We’re now at the point in the list where I could write great gushing love letters to every single dish, and I’m trying to rein myself in. But really, this dish is one of my favourite things you can eat in Reading and even sitting down to write about it makes me realise it’s far too long since I ate it last – not since the 9th of June, the day of that rave review in the Guardian, in fact. It’s hard to describe, harder still to do justice to. It’s a chilli, wrapped in a glorious crunchy coating (including, at a guess, gram flour), fried and cut into slices. 

Nowadays it comes to the table all fancy, covered in finely diced tomato, pomegranate seeds and crispy sev, but I remember this dish when it made its debut at London Street when it was less glamorous but no less delicious. It never needed the makeover, although it looks beautiful now, because it was a knockout from day one. Like many of Clay’s starters and small plates, it’s absolutely perfect for sharing which just reinforces the kind of place Clay’s is, where meals are all about shared experiences. I just love that. The menu describes it as “a childhood favourite snack”: and to think I had to make do with Nice N’ Spicy Nik Naks.
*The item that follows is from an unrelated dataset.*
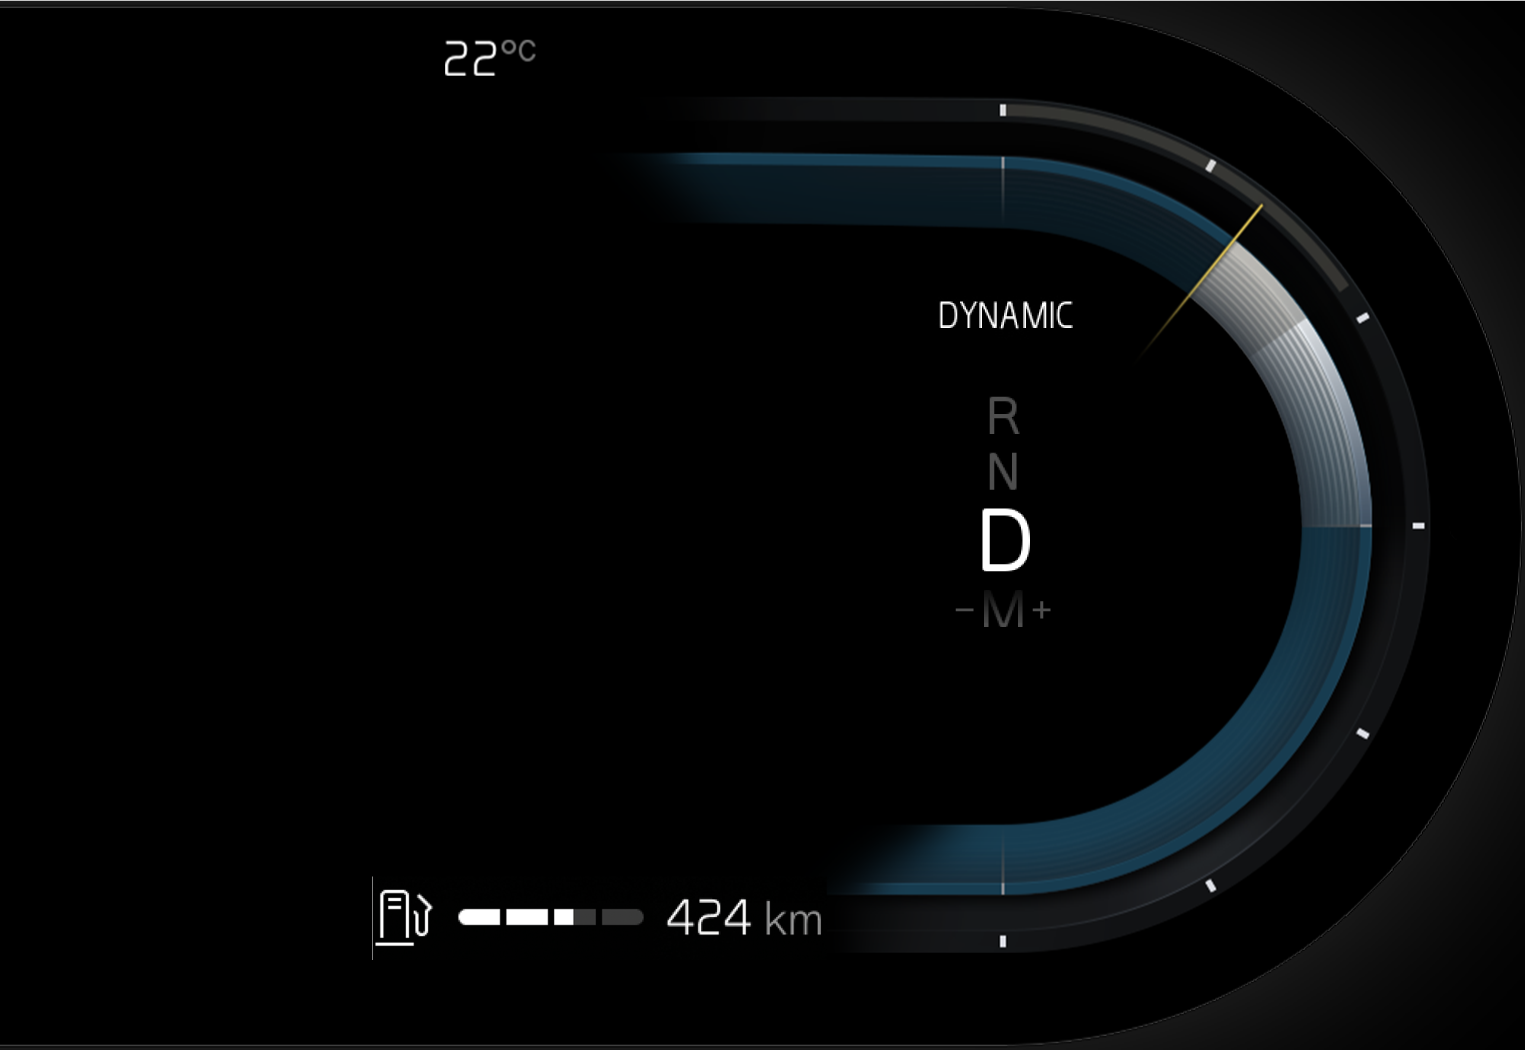 P5-22w22-iCup-Drive mode in driver display non hybrids

11. Lamb with cumin, Kungfu Kitchen

I had this dish on my second ever visit to Kungfu Kitchen, and I could have told you then that it would be one of Reading’s 50 best dishes four years later, barring any disasters like Kungfu Kitchen burning to the ground. I found it very difficult to imagine I’d ever live in a town where there were fifty dishes better than this, and if I did I imagine Kungfu Kitchen would still be behind more than one or two of them.

It’s deceptively simple – ribbons of almost-pink lamb, fried as little as they can get away with, with onions, chillies, coriander and sesame seeds. But the devil is in the detail, in that sauce, reduced and clinging to every crinkle of the meat, rich with cumin, deep, delicious and unlike anything else.

Well: I say that, but I remember trying a similar dish, a couple of years previously, at Memory Of Sichuan. Memory Of Sichuan is not a bad restaurant at all, but comparing their dish to KFK’s is like comparing a Rolf Harris painting to a Turner. One last thing – this is a dish to attack on arrival, to wolf down. You want that lamb almost still bleating, before it continues to cook through and those fibres toughen. Think of it as a licence for gluttony.

This piece is part of Edible Reading at 10. See also:

2 thoughts on “ER at 10: Reading’s 50 best dishes (20-11)

  1. Tim Evans's avatar Tim Evans

    I was pleased to see the aubergine dish from Kungfu Kitchen featured, because I’d had it before and really enjoyed it. So on a recent visit I decided to order it – something that they seemed utterly unsurprised by (presumably thanks to your top 50 list). Unfortunately it turned out that sweet and sour deep fried aubergine was not in fact the dish I’d enjoyed before, which I now suspect was probably the braised aubergine. Contrary to the review, I found the sweet and sour aubergine excessively sweet and the nondescript sauce did not redeem it. It was perhaps the second least enjoyable aubergine dish I have ever eaten, and I’m mystified as to why it appears on the list. Sorry!